Enhancing the Properties of Self-Healing Gelatin Alginate Hydrogels by Hofmeister Mediated Electrostatic Effect

The cross-linker-free hydrogels have gained attention due to their lack of need for chemically modified polymers, resulting in better biocompatibility. The hydrogel properties can be enhanced by altering physical forces such as electrostatics and H-bonds. Tuning the physical interactions between polymers, salts, and plasticisers can unlock new horizons in material properties. This article examines four different salts and mixtures to determine their impact on gelatin-alginate biomaterial design. Drug release, swelling, and rheological properties are represented using a 3-D plot, and optimum samples are identified. It is concluded that kosmotropes yield better release and swelling results than chaotropes. The physical interactions of these salts with polymers are explained using DLS and FTIR/ATR studies, and these findings are corroborated with release, swelling, and rheological analyses. Another aspect of the biomaterial, self-healing property, is also considered.
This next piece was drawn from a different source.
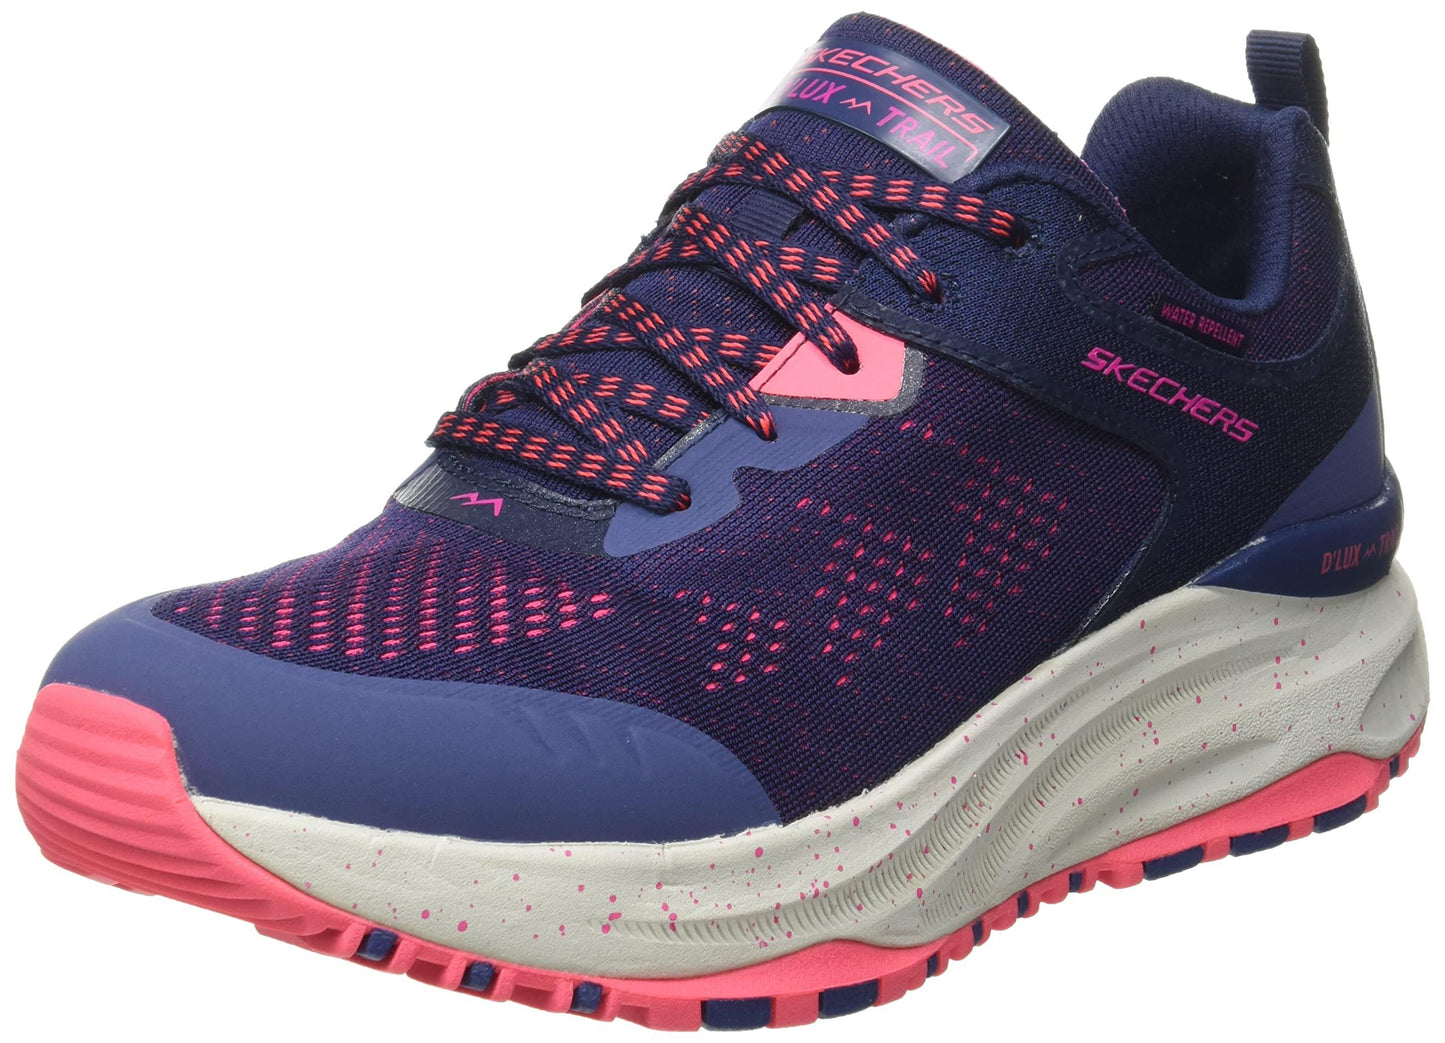 Skechers Ladies D’Lux Trail Round Trip Navy/Pink Vegan Trainers Shoes 149842NVHP
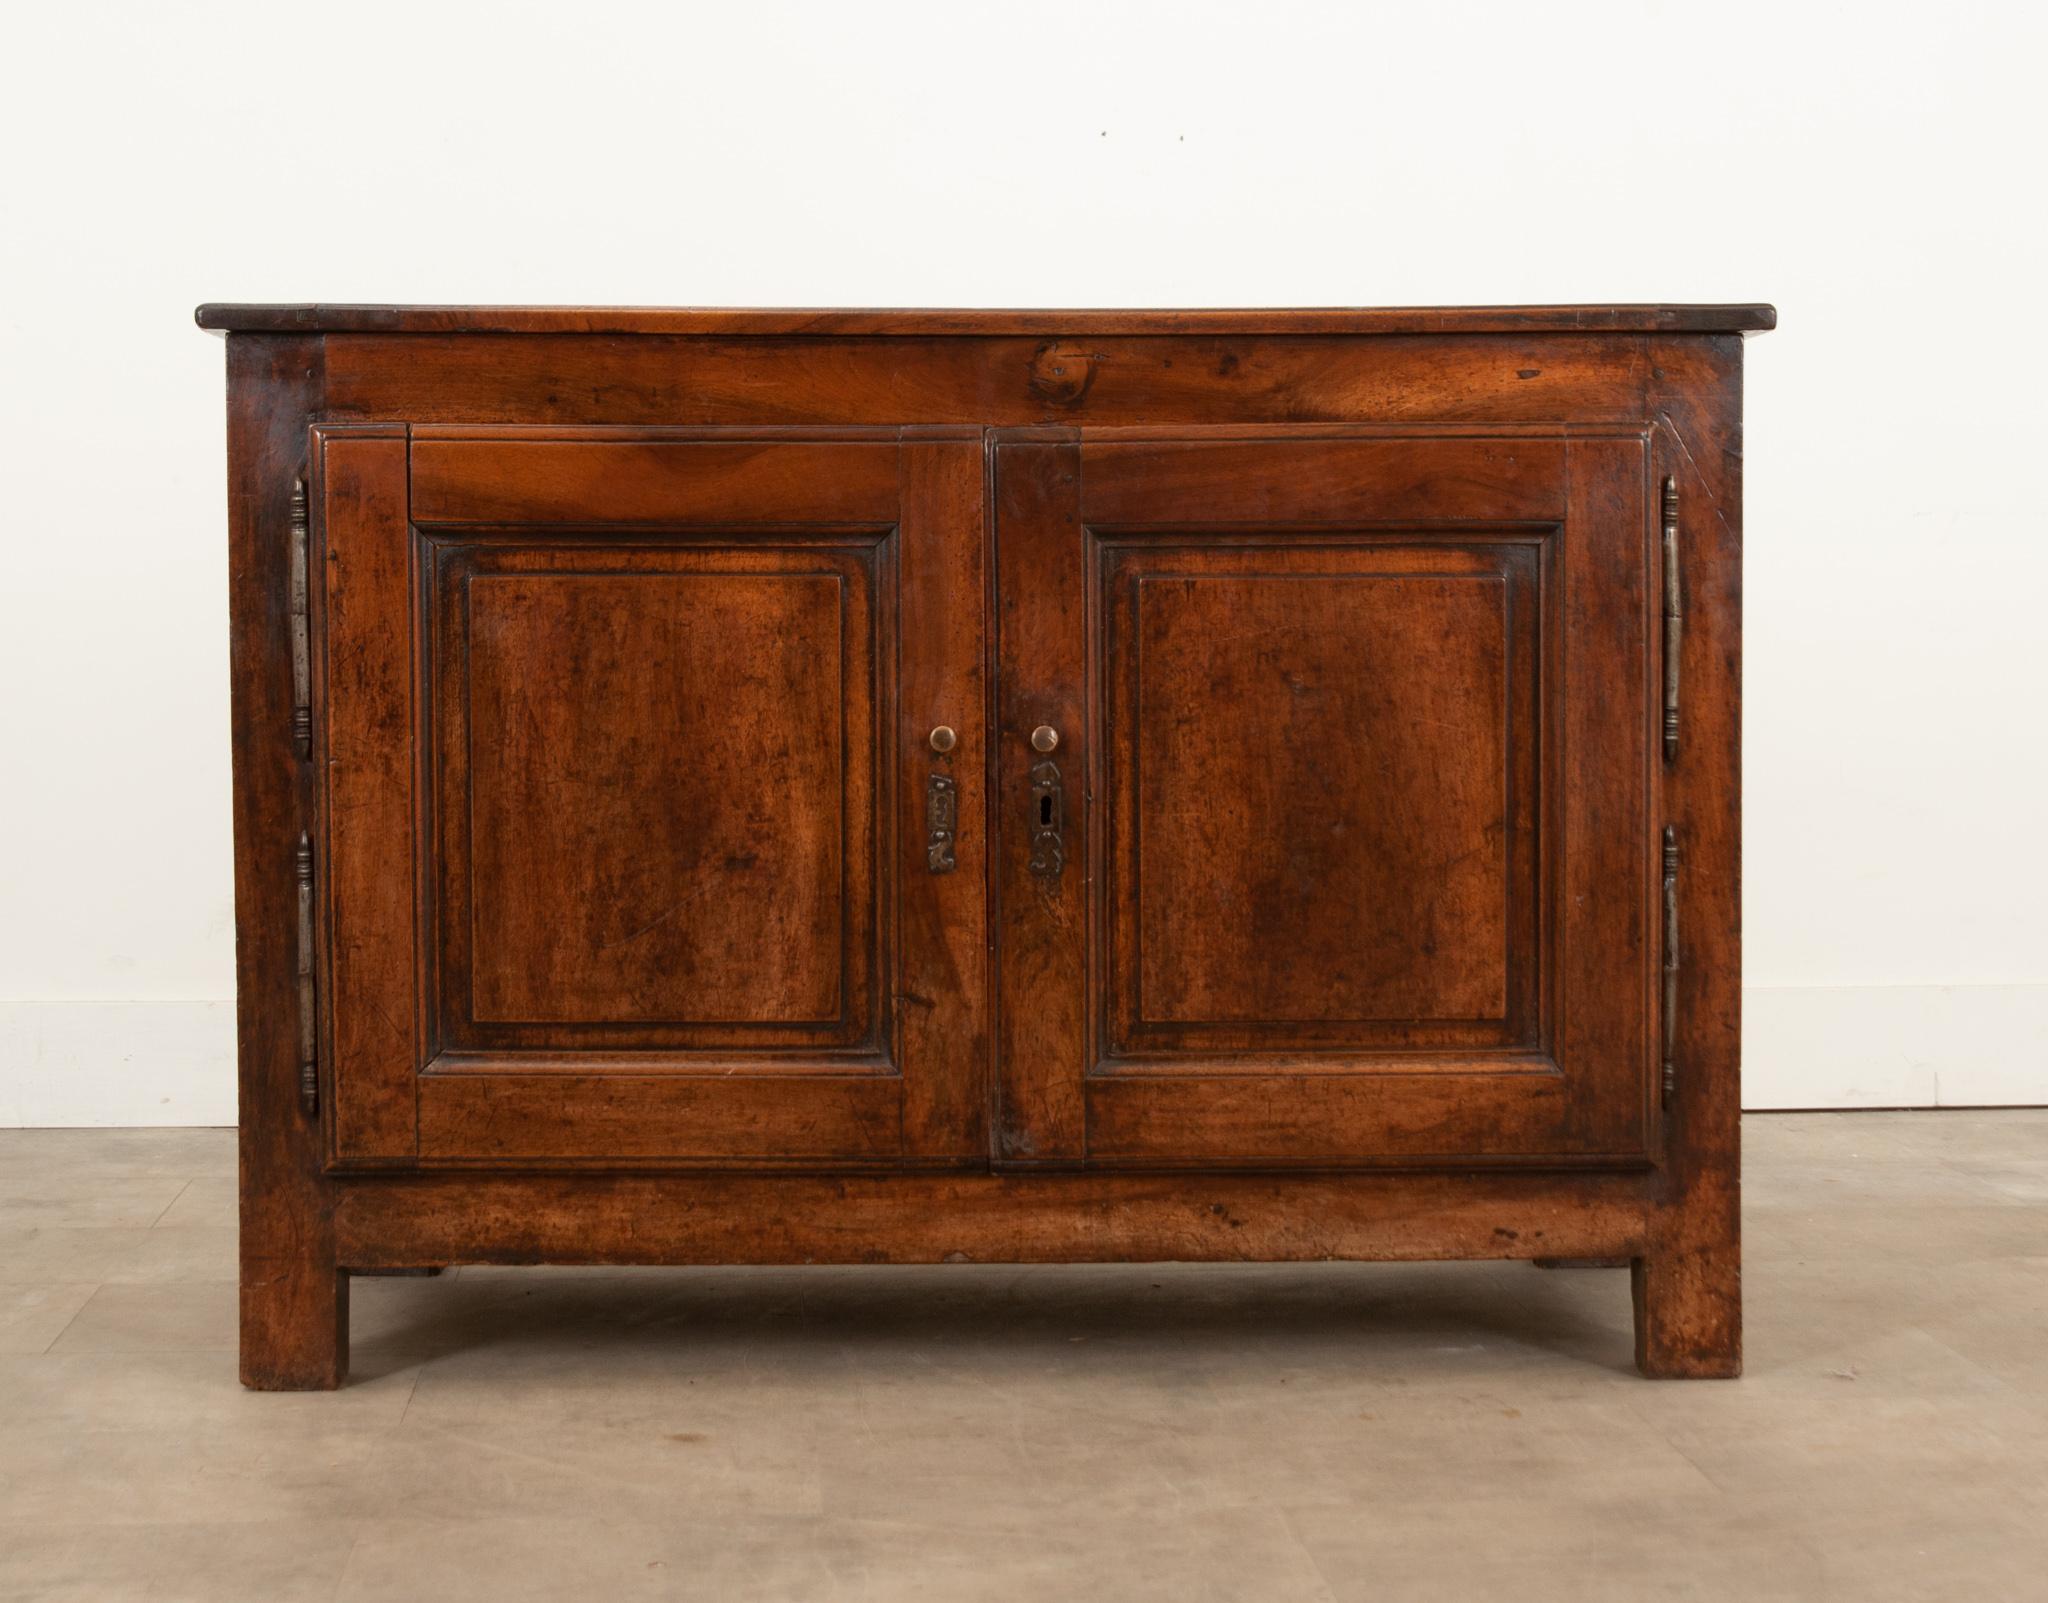 A French 19th century walnut two-door buffet that offers considerable storage space. Hand-crafted in France circa 1850, it features a rectangular top sitting above two impressive doors, adorned with carved recessed panels, elongated double hinges,

A 3-D plot is prepared using release kinetics, gel strength, and recovery percentage (three important factors for self-healing hydrogels). Chaotropes are identified as better candidates for self-healing behaviour. However, when considering gel strength, release, and self-healing, kosmotropes are favourable. Hence, different salts can be selected based on the desired application for hydrogels. It is also concluded that electrostatic forces hinder the formation of H-bonds between polymer chains.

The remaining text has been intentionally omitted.